- Task to complete:
The answer must reproduce all of the data below exactly and contain no images.

- Stored data:
══════════════════════════════

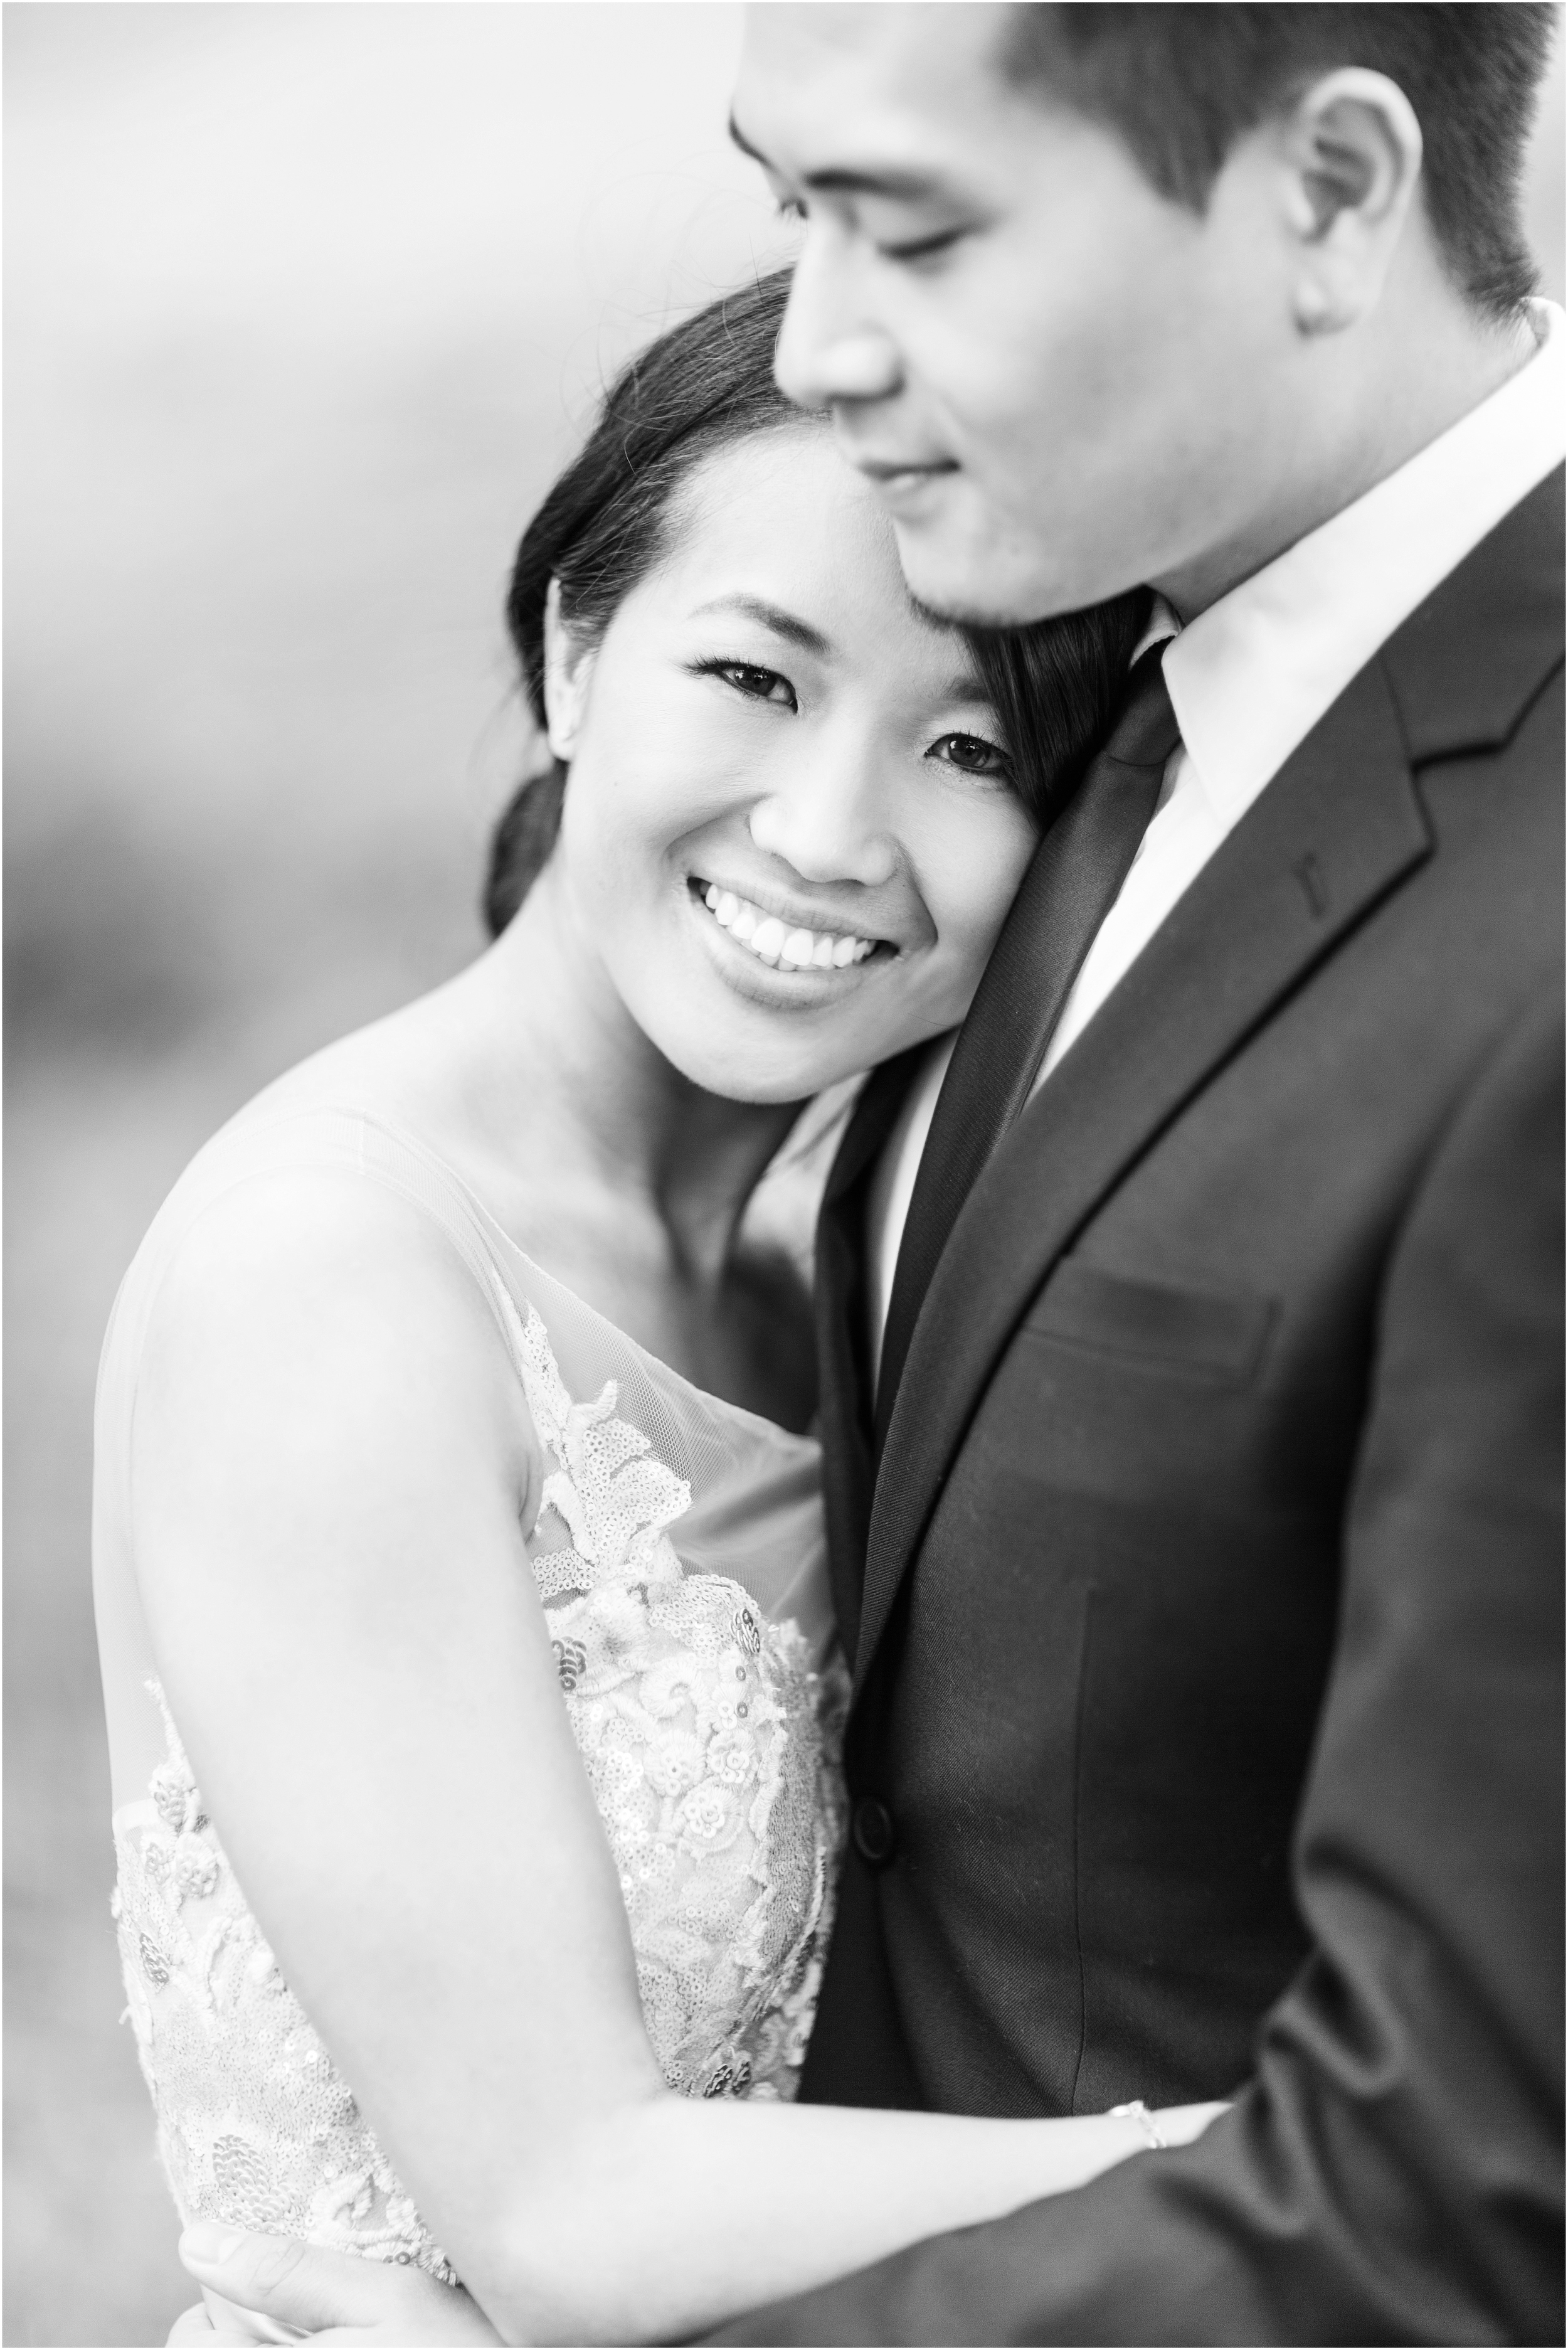 blueberryphotography.com | San Francisco Based Wedding & Lifestyle Photographer | Potrero Hill | San Francisco | Lands End
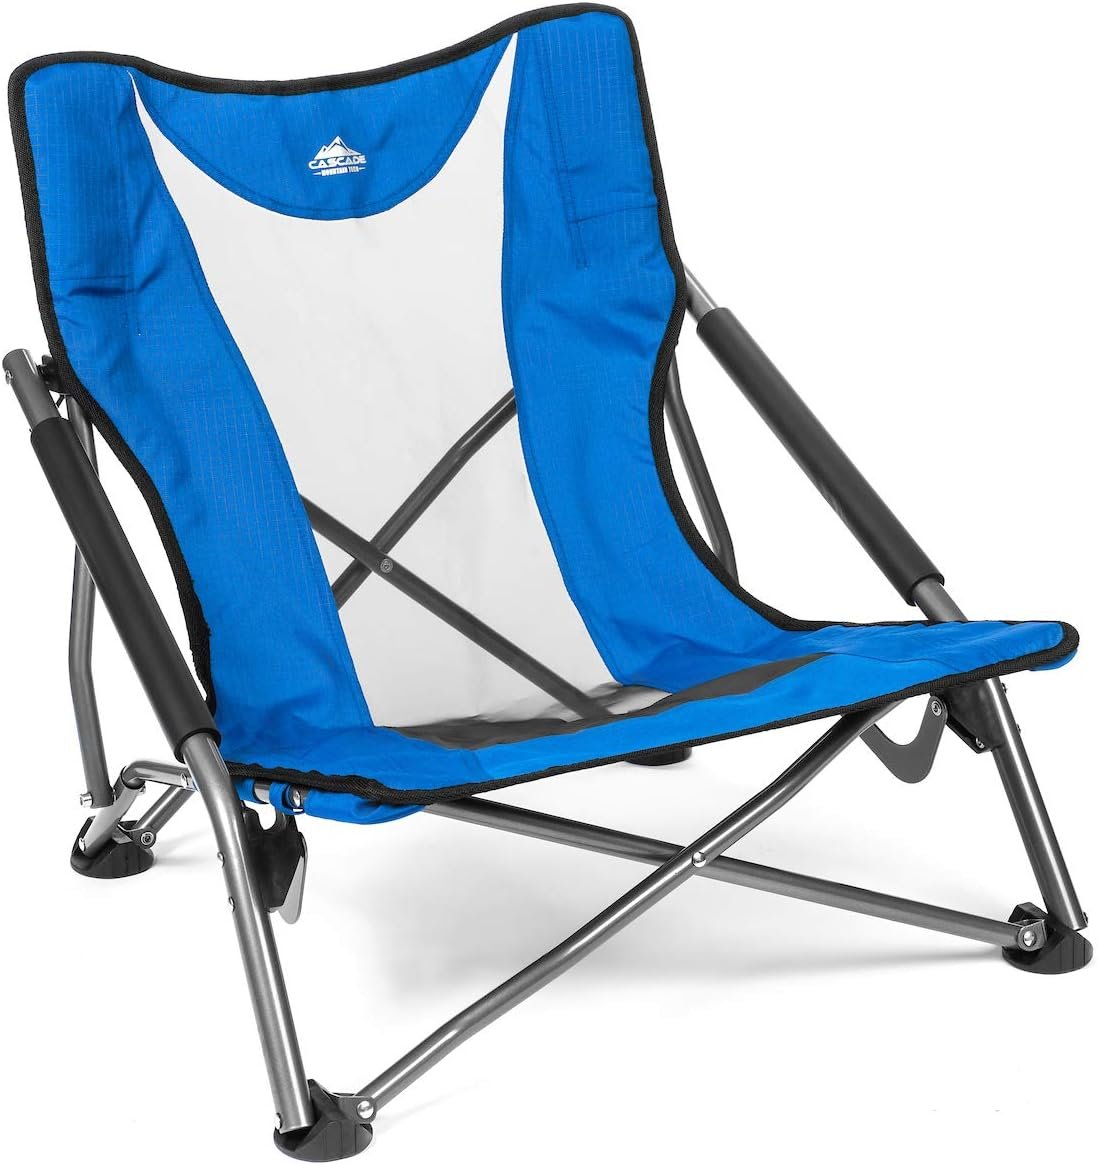 Cascade Mountain Tech Low Profile Royal Blue Camp Chair Review
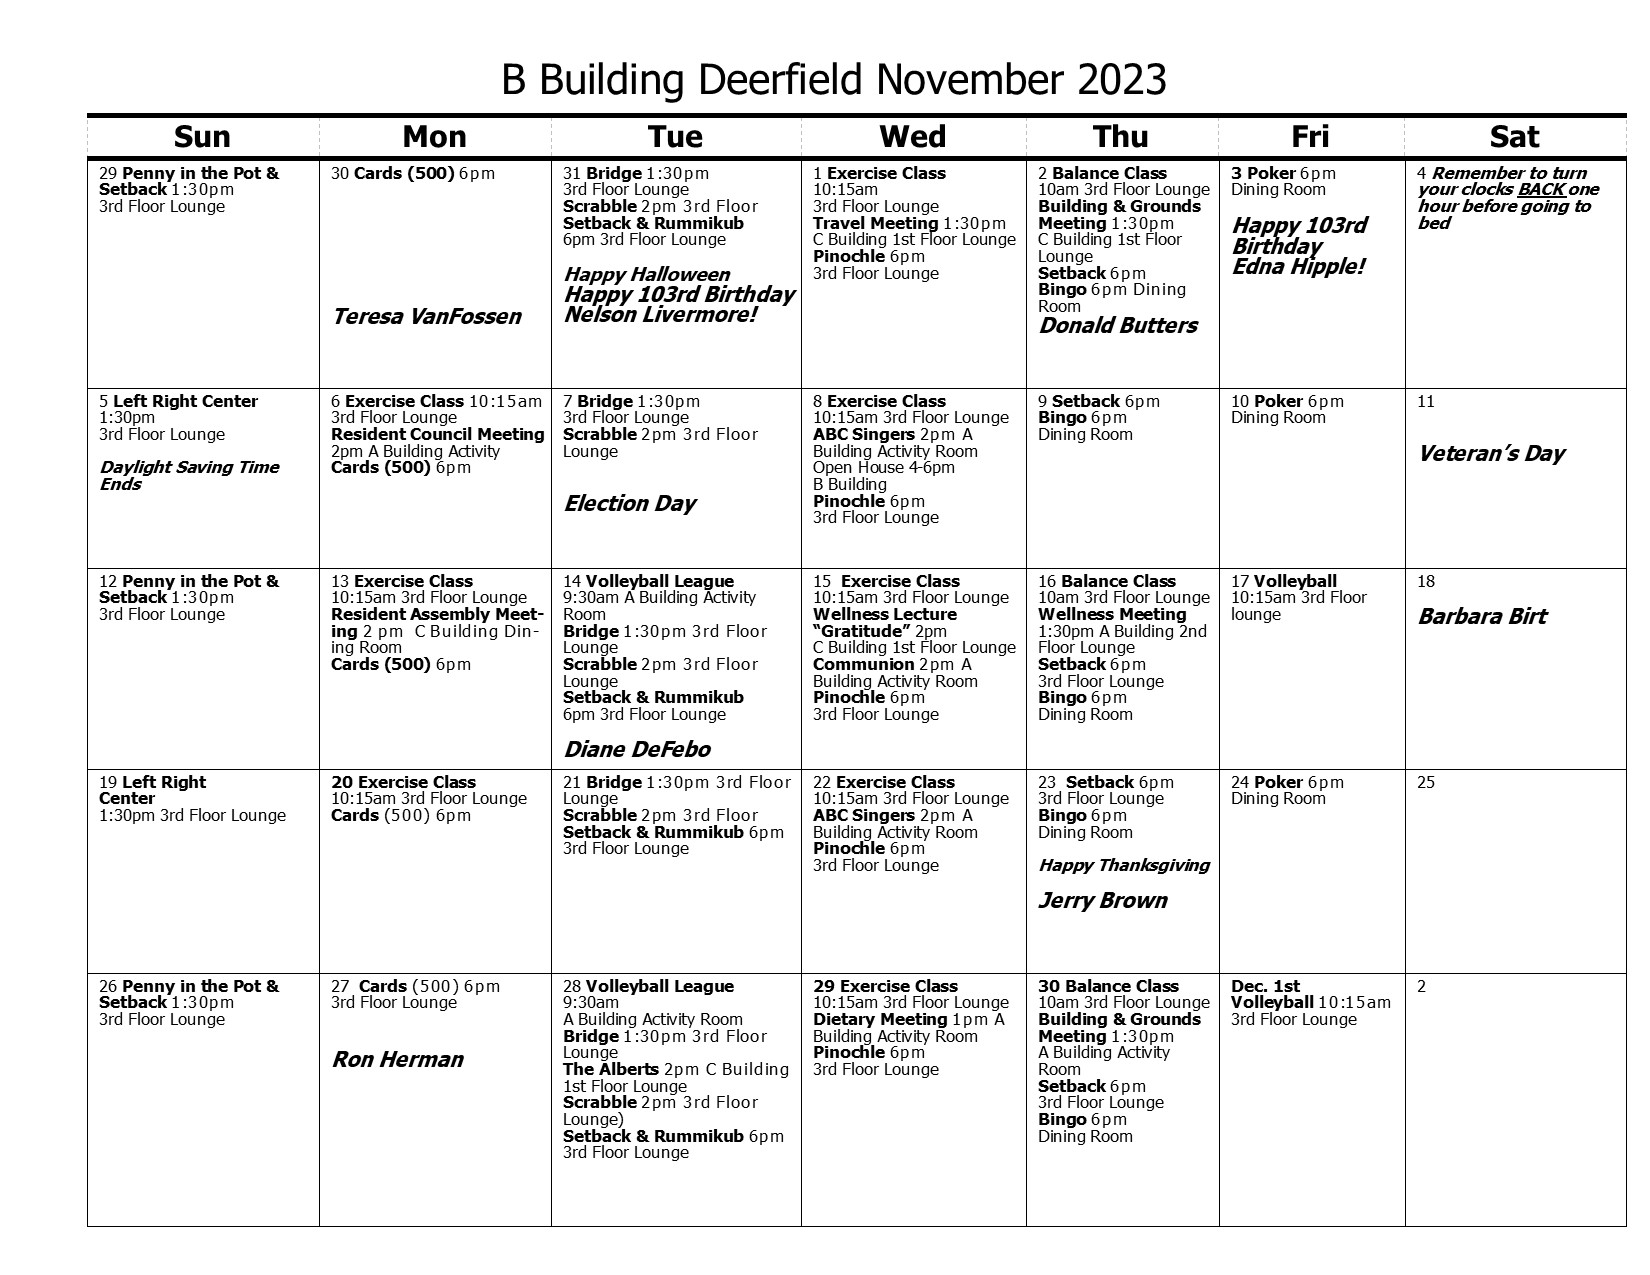 B Building Calendar November 2023

══════════════════════════════

- Solution:
 blueberryphotography.com | San Francisco Based Wedding & Lifestyle Photographer | Potrero Hill | San Francisco | Lands End
 Cascade Mountain Tech Low Profile Royal Blue Camp Chair Review
 B Building Calendar November 2023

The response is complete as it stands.